──────── DATA

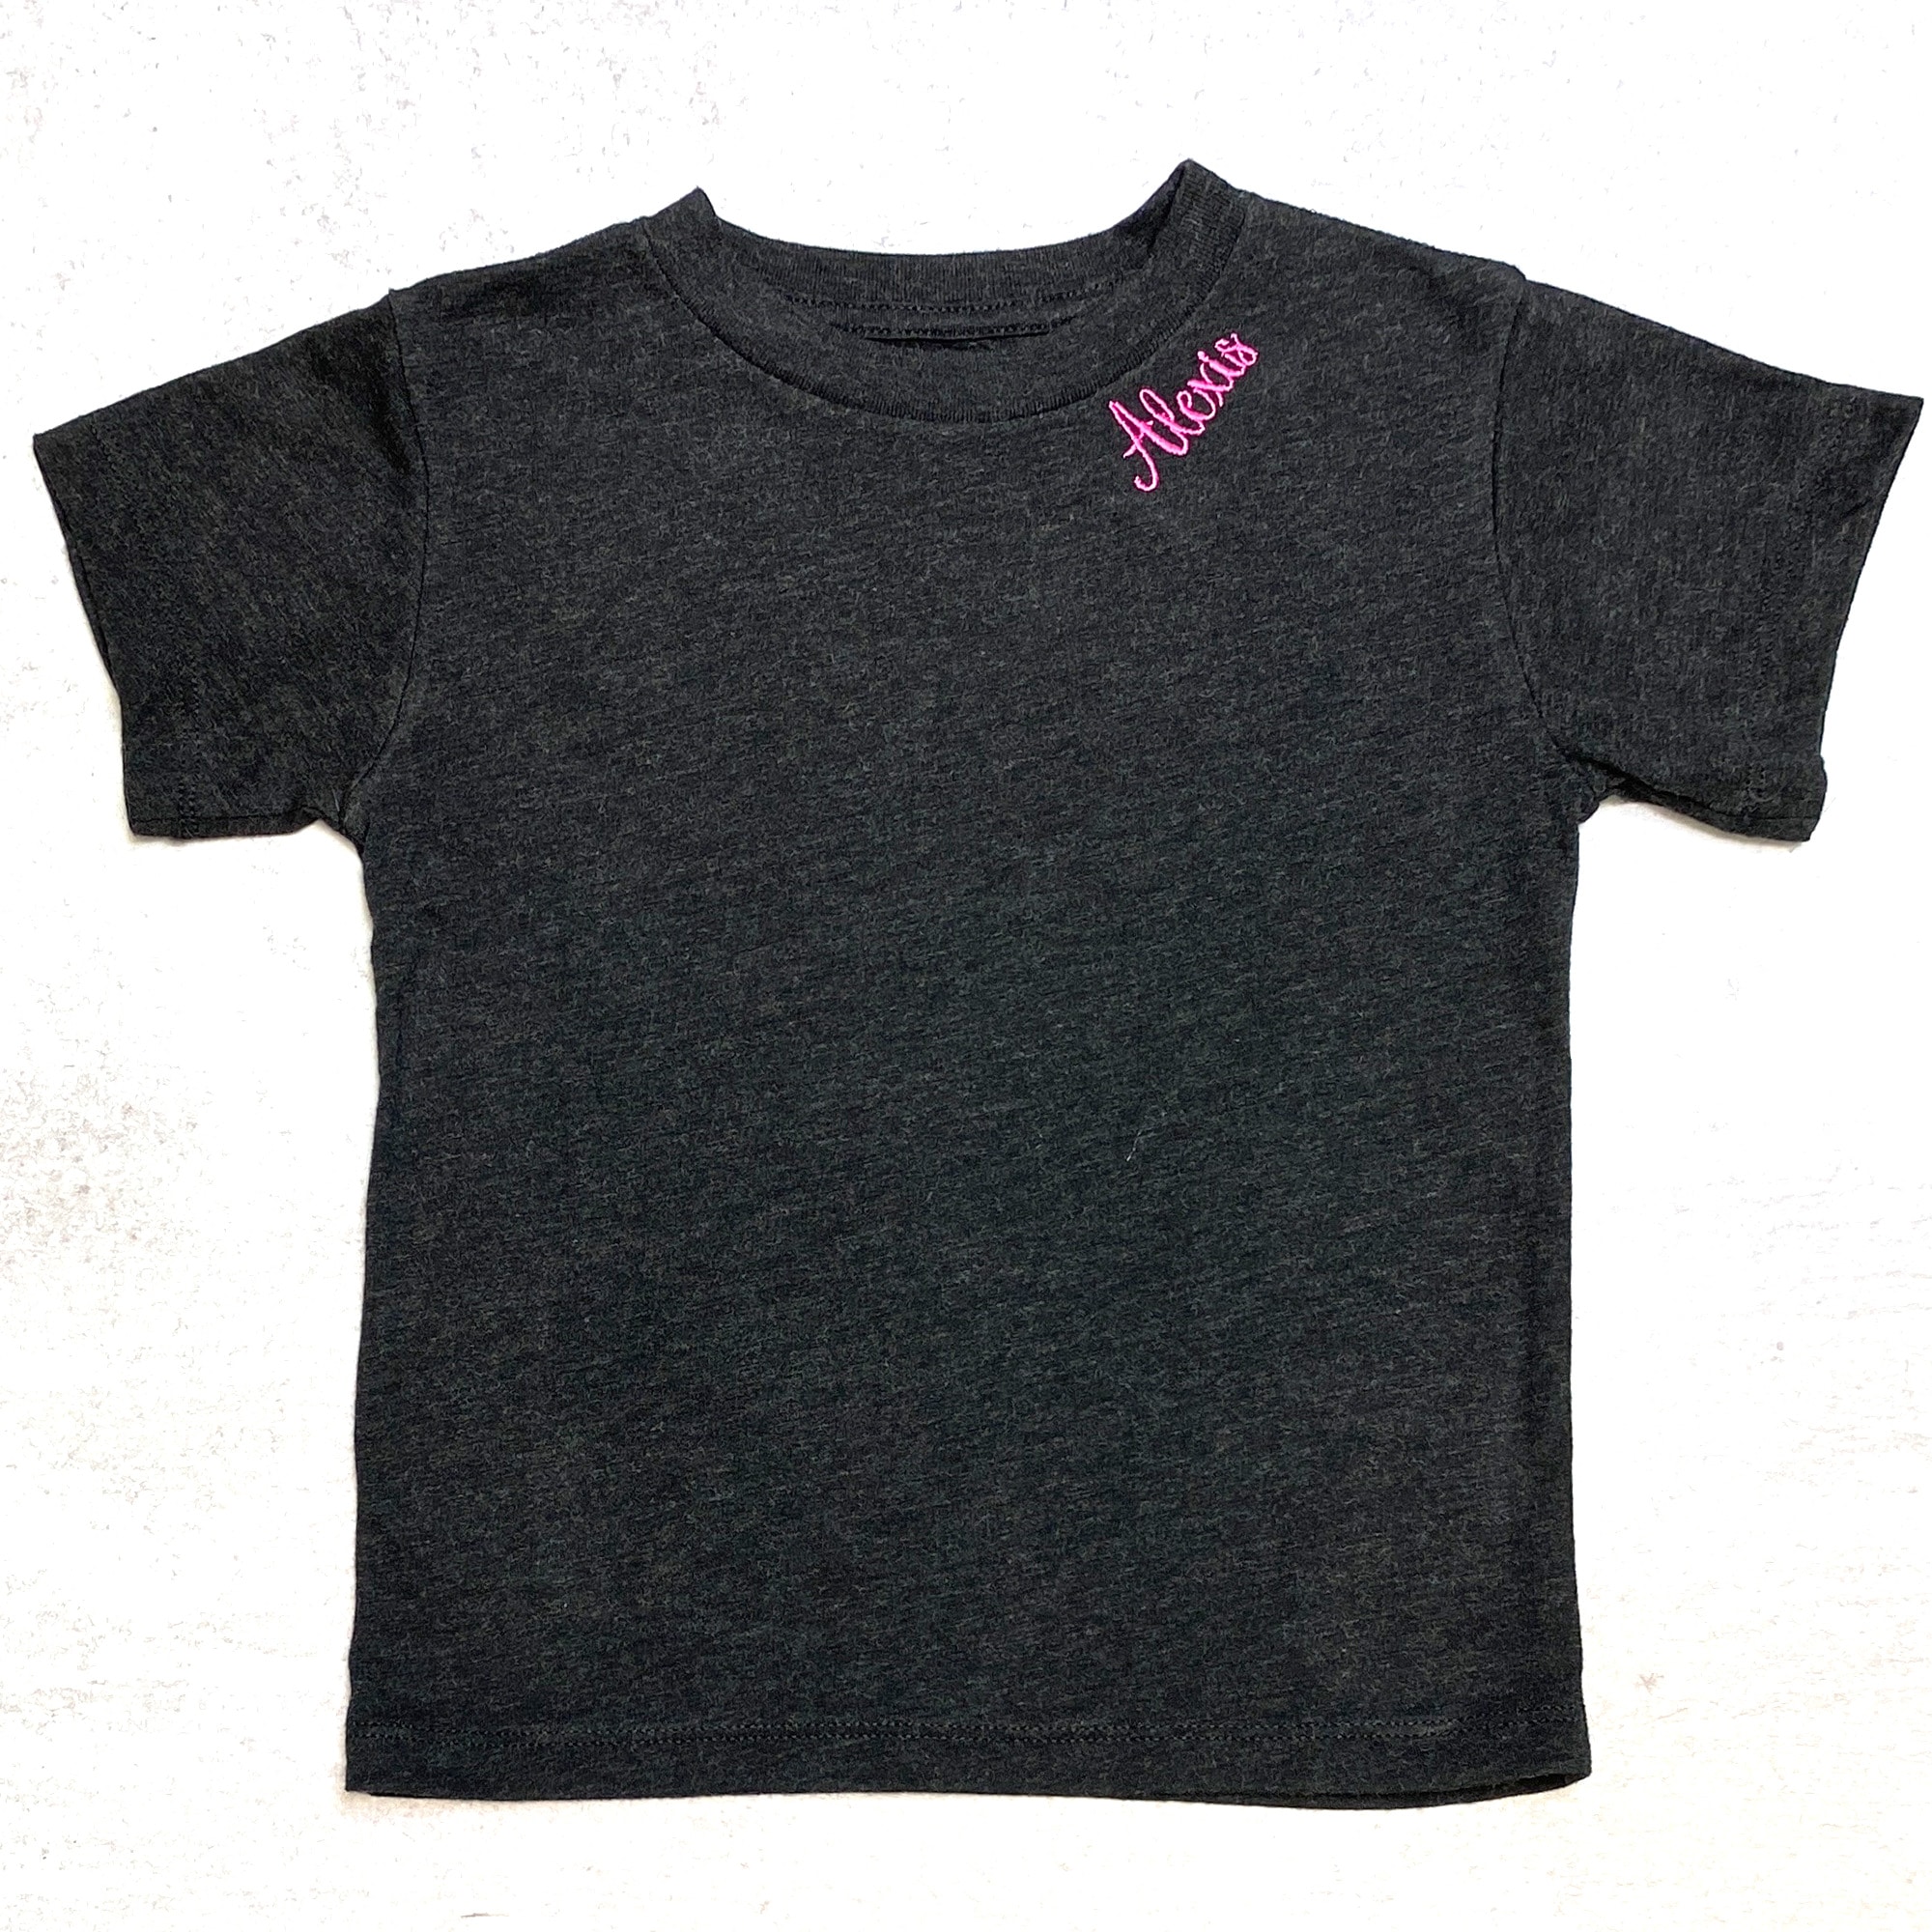 Toddler Triblend Short Sleeve Tee - Embroidered with a Name - MARCELA
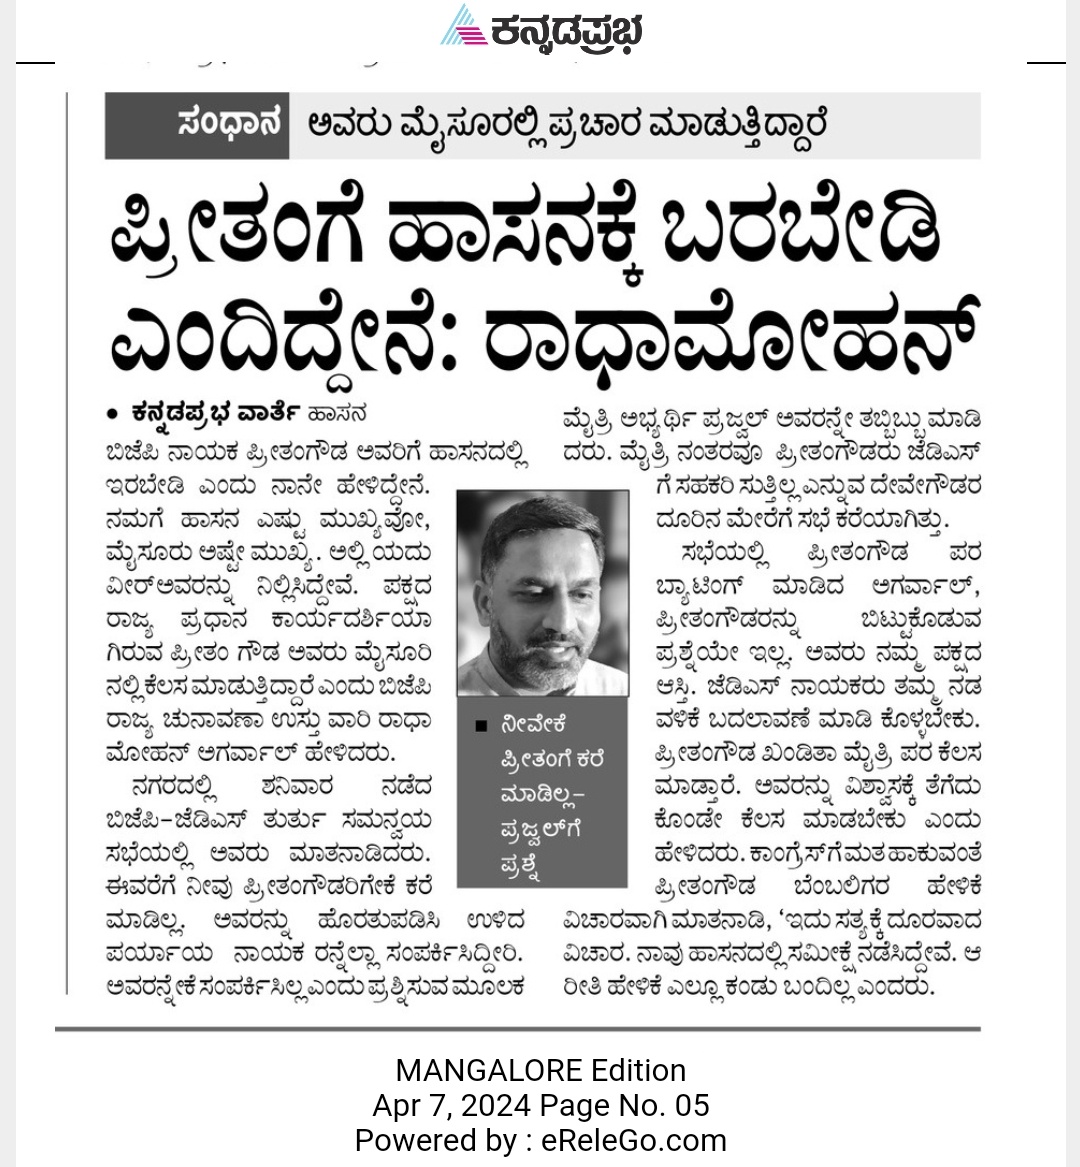 Karnataka BJP in-charge Radha Mohan Agarwal : Have told Preetham Gowda to stay away from Hasana ..... Don't look good here for Prajwal Revanna of JDS ...
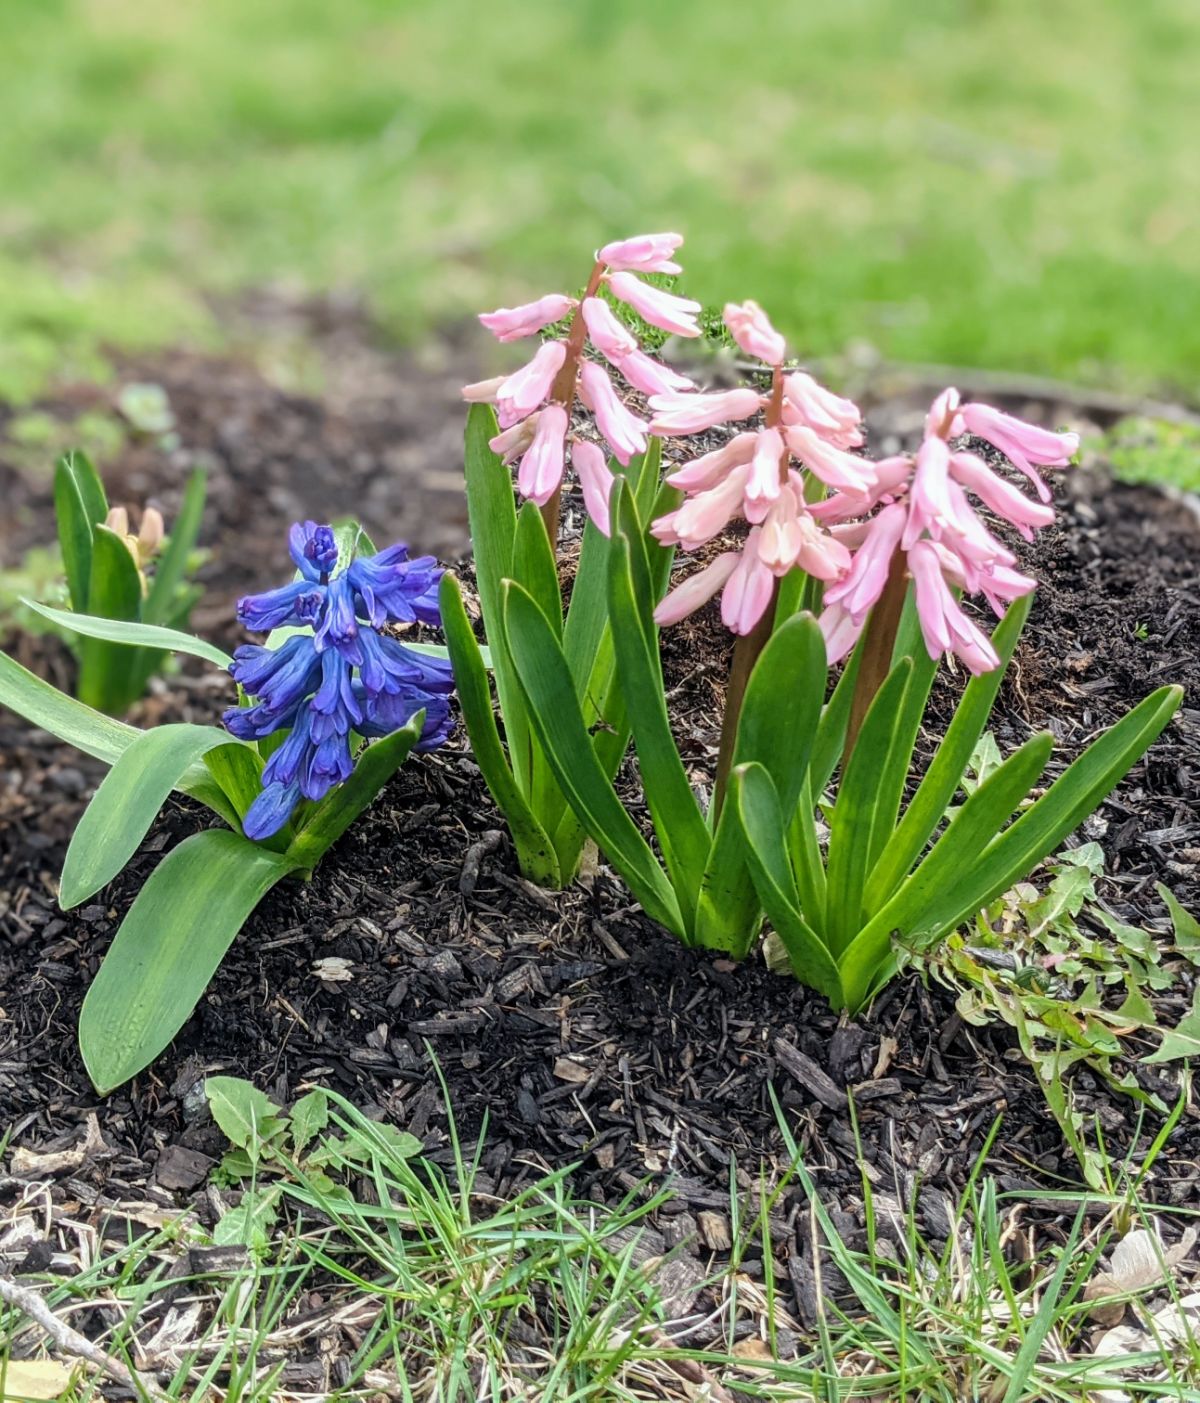 Hyacinths transplanted to a new spot in the garden
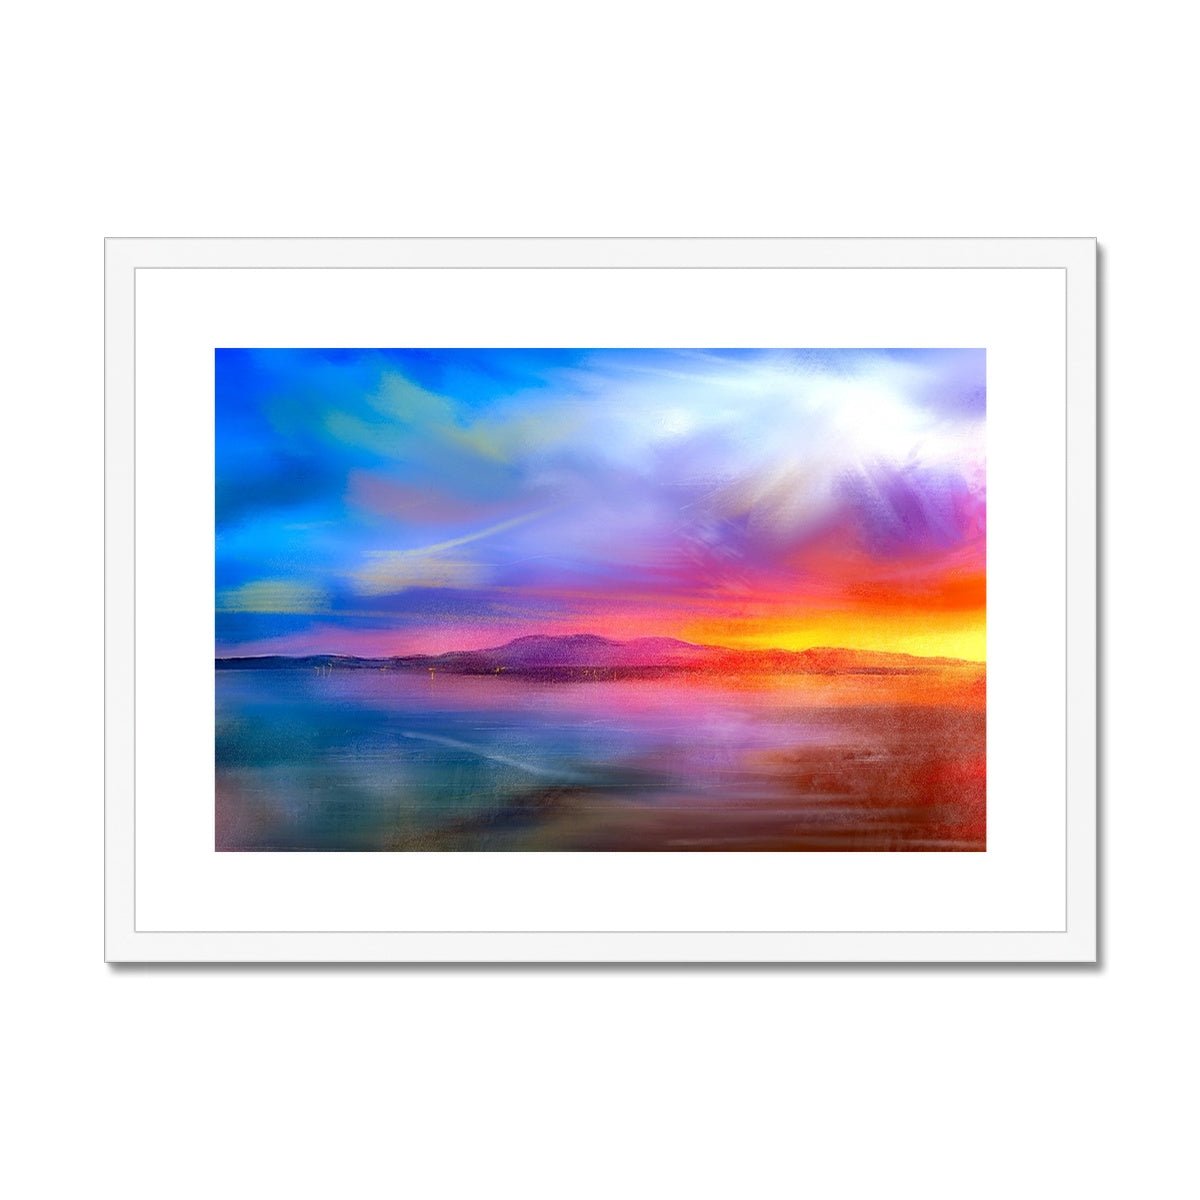 Arran Sunset Painting | Framed & Mounted Prints From Scotland-Framed & Mounted Prints-Arran Art Gallery-A2 Landscape-White Frame-Paintings, Prints, Homeware, Art Gifts From Scotland By Scottish Artist Kevin Hunter

────────────────

TASK INSTRUCTIONS:
Starting with the line that contains "Karnataka BJP in-charge", repeat each line exactly until the listing ends, including the last one. Leave pictures out.

EXERCISE RESULT:
 Karnataka BJP in-charge Radha Mohan Agarwal : Have told Preetham Gowda to stay away from Hasana ..... Don't look good here for Prajwal Revanna of JDS ...
 Hyacinths transplanted to a new spot in the garden
 Arran Sunset Painting | Framed & Mounted Prints From Scotland-Framed & Mounted Prints-Arran Art Gallery-A2 Landscape-White Frame-Paintings, Prints, Homeware, Art Gifts From Scotland By Scottish Artist Kevin Hunter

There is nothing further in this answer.